# 3d modeling using smartphone accelerometers



## Justin Zazzi (May 28, 2012)

I assume this has been done already, maybe you can point me towards a company that offers something similar but is not absurdly expensive?

Smartphones have accelerometers built in. Even though they are likely not super precise, I imagine an app can be written to build a simple inertial compass that will track relative movements in 3 dimensions.

Using this method, one could trace a path around a room for example, and then plot this in a 3d graph. Or, one could trace the boundaries of the interior of a car and very quickly get some useful dimensions that would otherwise be impossible to model using a tape measure.

Does such an (android) app exist? Is there similar software for the PC that is not crazy expensive?

I invision attaching one of these decives to a microphone to create a probe that can record 3 dimensional locations and relate it to the audio recorded at those locations. If playing pink noise at the same time, one could quickly graph the characteristics of a listening space and find nodes at any frequency and their locations in that 3d space.

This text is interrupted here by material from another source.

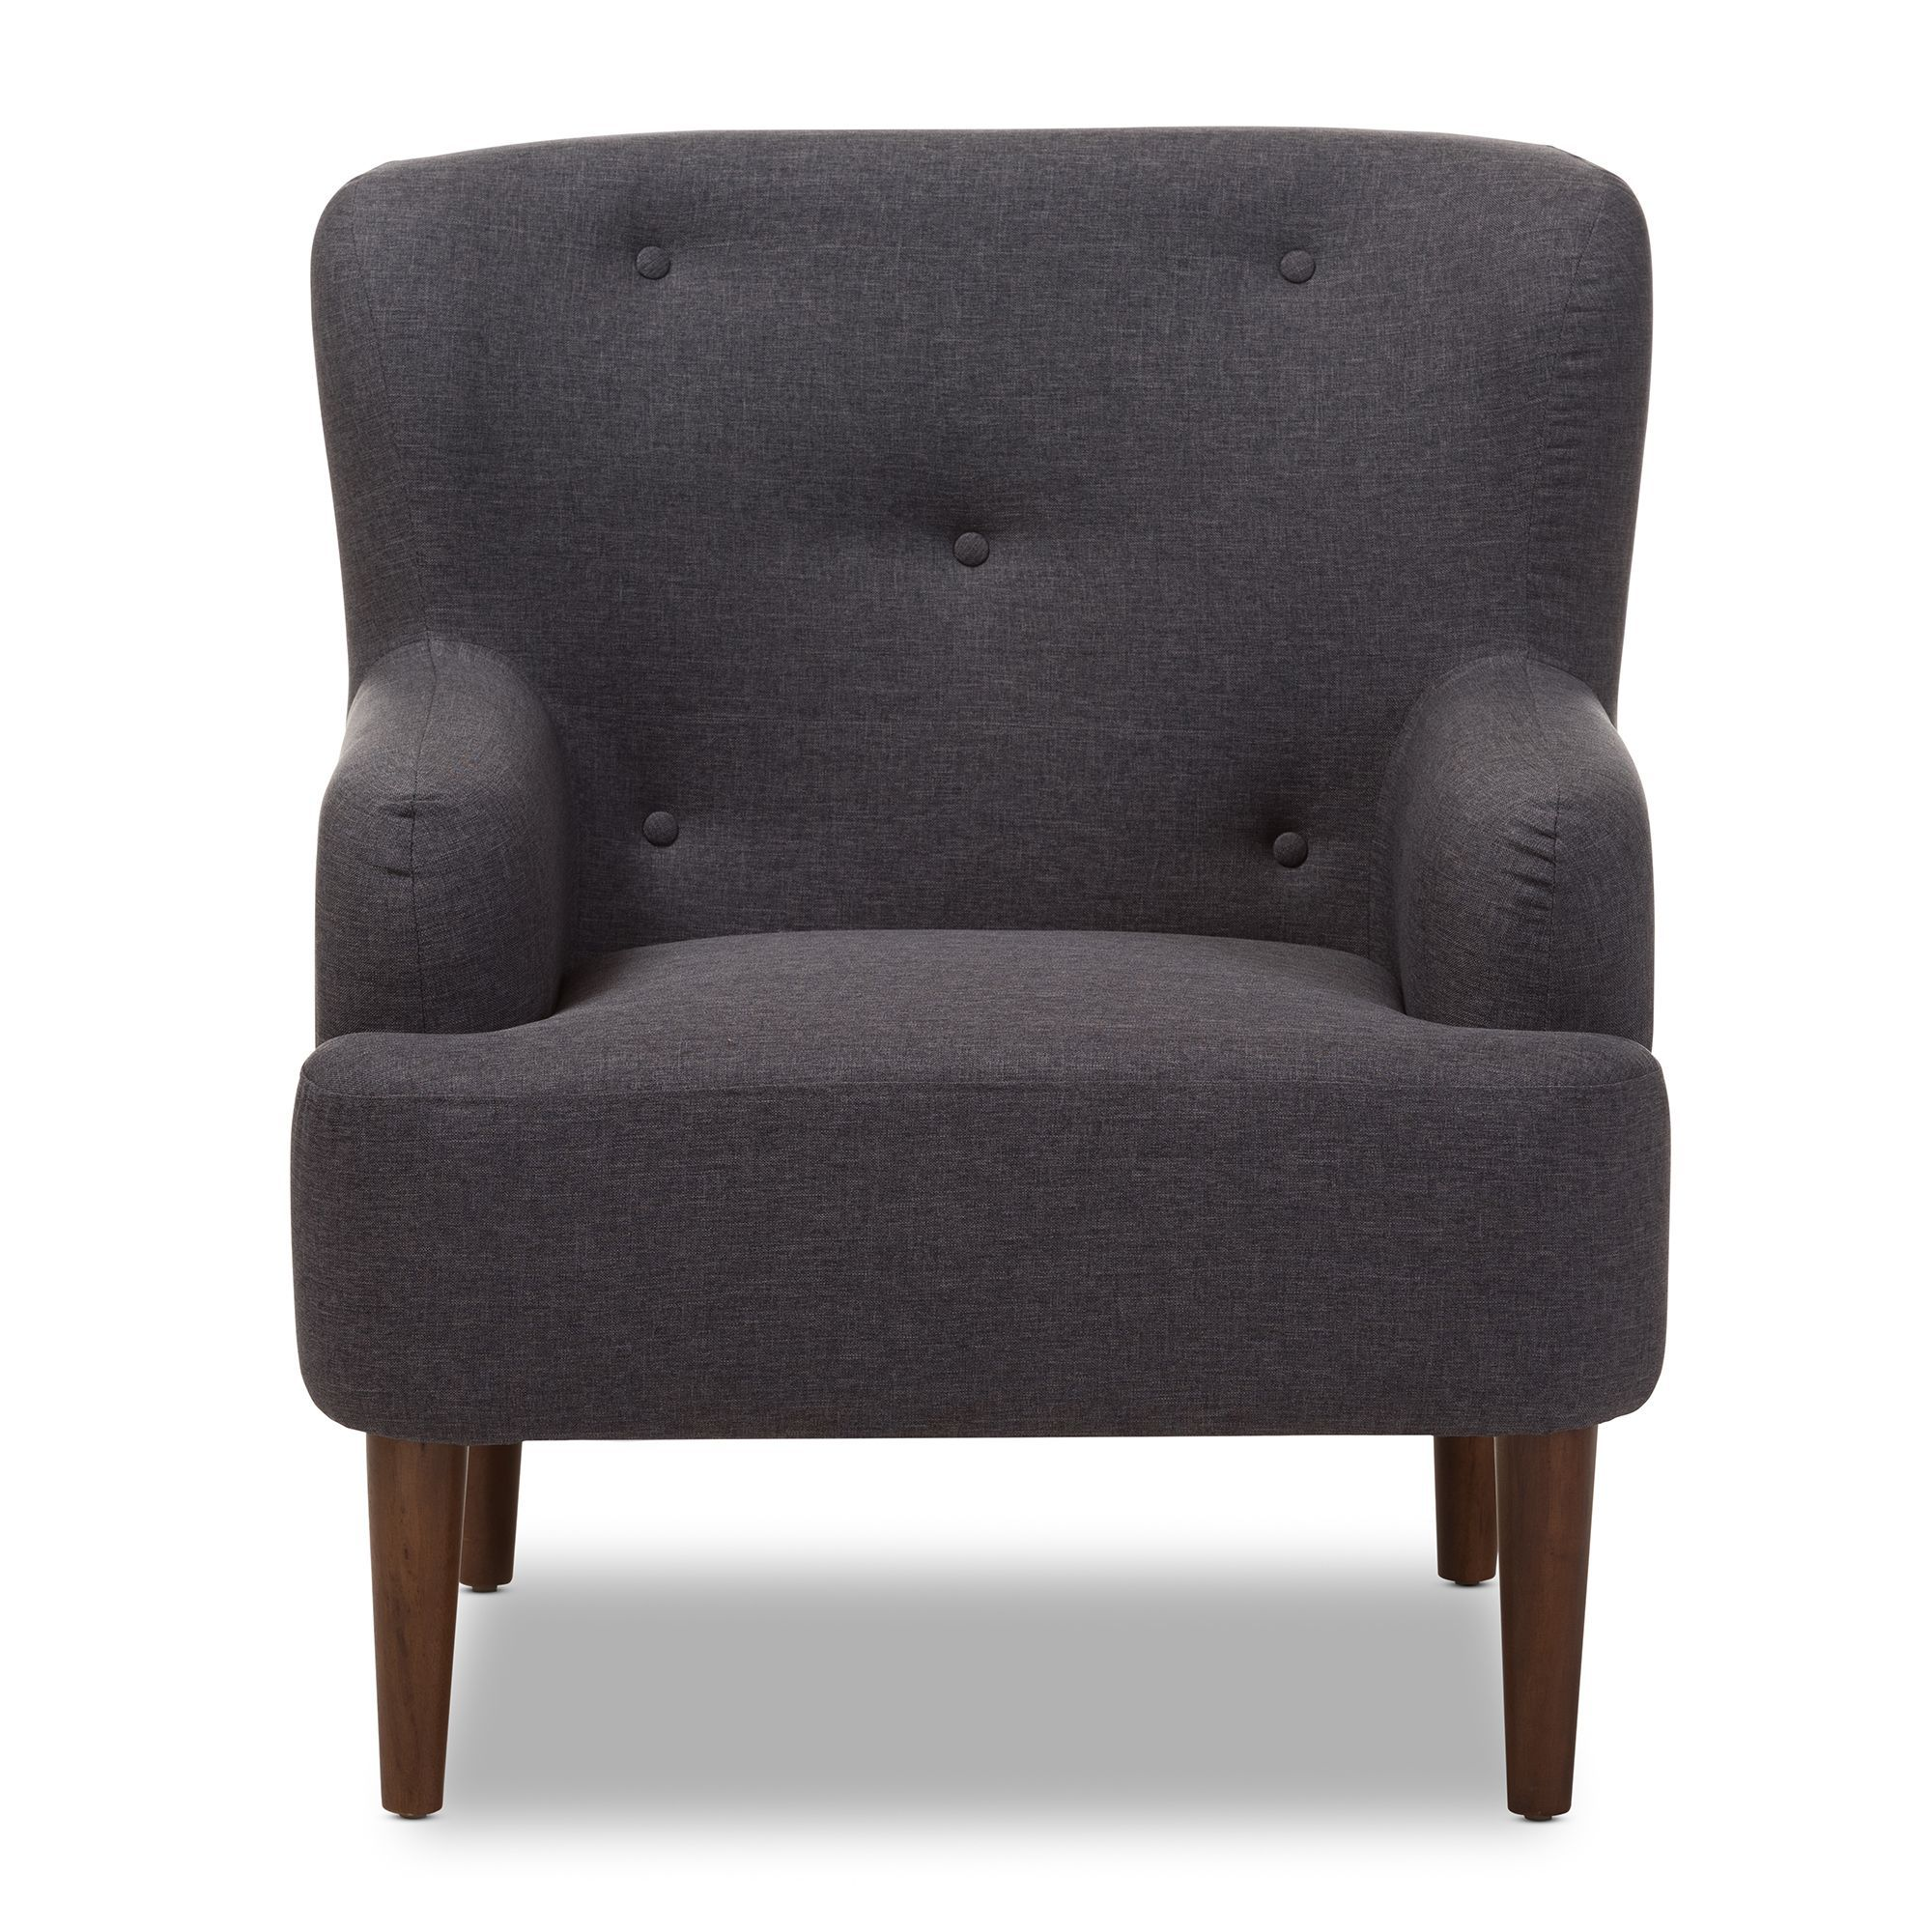 Baxton Studio Dimitrios Mid-Century Modern Upholstered Walnut Wood Button-Tufted Armchair

I imagine this would lead to more intuition about where to place bass and midbass drivers to achieve whatever goals you like. Plus, it would make modeling the acoustic properties of a very complex listening space easier.


----------



## spyders03 (Jan 5, 2013)

That would be a great app, I do not know of one that exists, (not saying much), but definitely intriguing, specially when you add in the microphone aspect. Could bring a whole new aspect to the home audio tuning game, and could probably even charge a premium for the service as well. I envision a display that would give you a 3d rotatable display with the hot spots marked in different colors. Very interesting, but also very labor (coding) intensive with a small market, meaning it would cost a premium if not done in the opensource community.


----------